Neonatal morbidity and mortality in tribal and rural communities in central India

Indian J Community Med. 2011 Apr;36(2):150-8. doi: 10.4103/0970-0218.84137.


Background and objectives: Little is known about the natural history of neonates born in the rural and tribal areas in India. The Neonatal Disease Surveillance Study (NDSS) measures the incidence of high-priority neonatal diseases, neonatal health events and associated risk factors to plan appropriate and effective actions.

Materials and methods: The NDSS is being conducted in Ramtek Revenue Block, Nagpur district, Maharashtra state, given its considerably high level of neonatal mortality. All households from five selected primary health centers were screened. Both active and passive surveillance systems were used for systematic collection of mother's health during pregnancy and of baby's health from birth to 4 months after birth. First-year results from November 2006 to October 2007 are presented.

Results: Pregnancy outcomes were available for 1,136 women, with an overall neonatal mortality of 73 per 1,000 live births. The pregnancy outcomes varied by gestational age of the baby; miscarriages and abortions were higher in tribal than in non-tribal women, and tribal women had higher rates of low-birth weight (LBW) neonates than non-tribal women. The main cause of neonatal mortality was LBW, followed by sepsis and respiratory illness. The mortality of non-tribal babies was most strongly associated with pre term. For tribal babies, mortality was also associated with maternal morbidity and delay in the initiation of breastfeeding.

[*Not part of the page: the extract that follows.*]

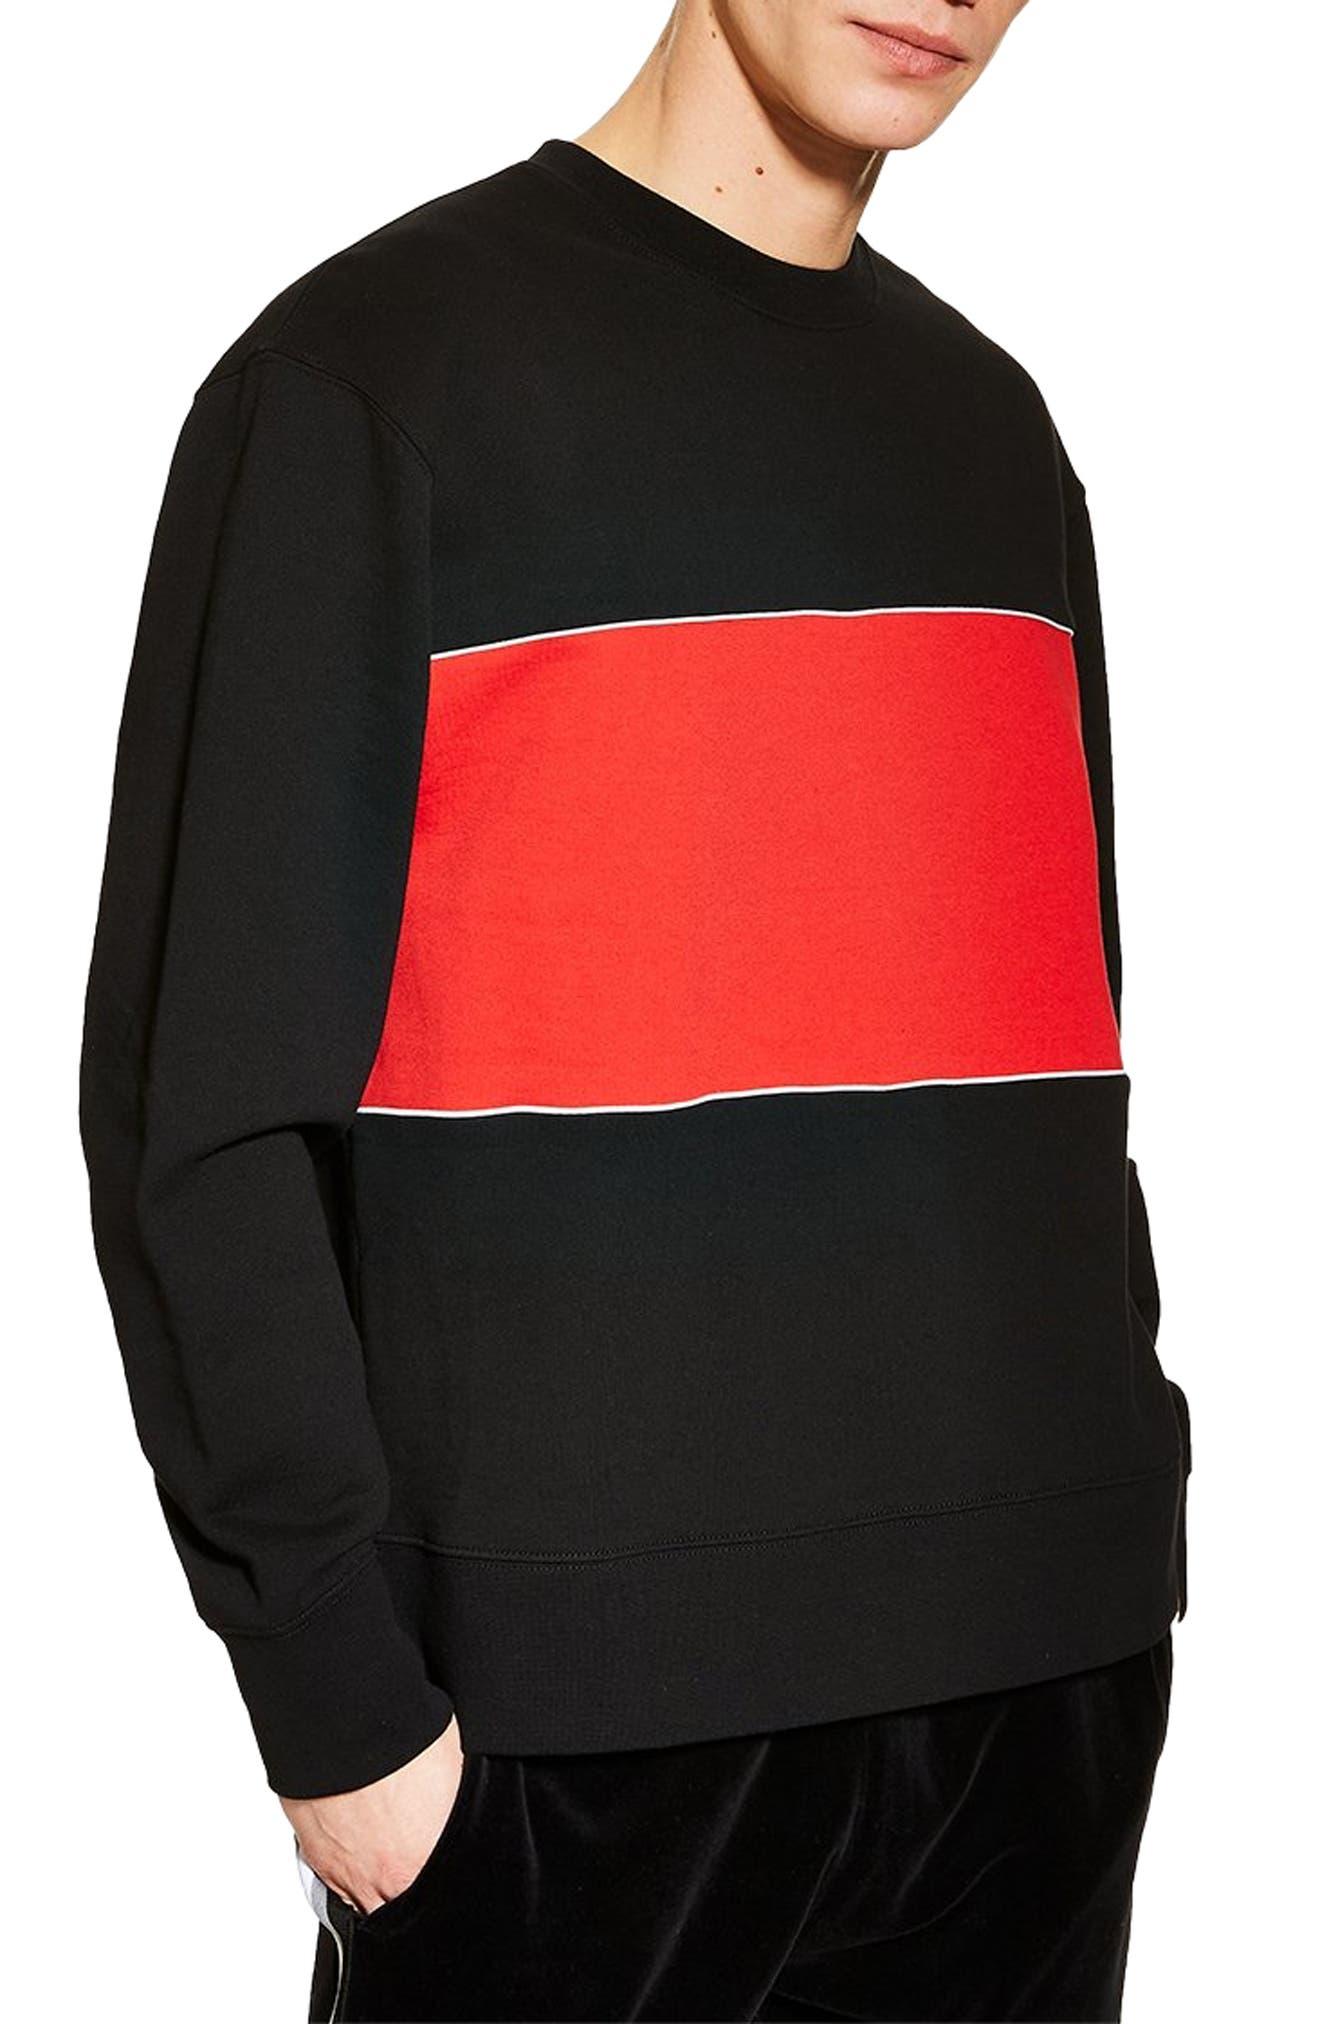 TOPMAN Colorblock Longline Crewneck Sweatshirt, Main, color, BLACK

Interpretation and conclusions: The NDSS provides valuable information on the potentially modifiable factors associated with increased likelihood of neonatal mortality and morbidity. The Neonatal Health Research Initiative is now developing community-based interventions to reduce the high rate of neonatal mortality and morbidity in the rural areas of India.

Keywords: Neonatal morbidity; neonatal mortality; rural communities; tribal communities.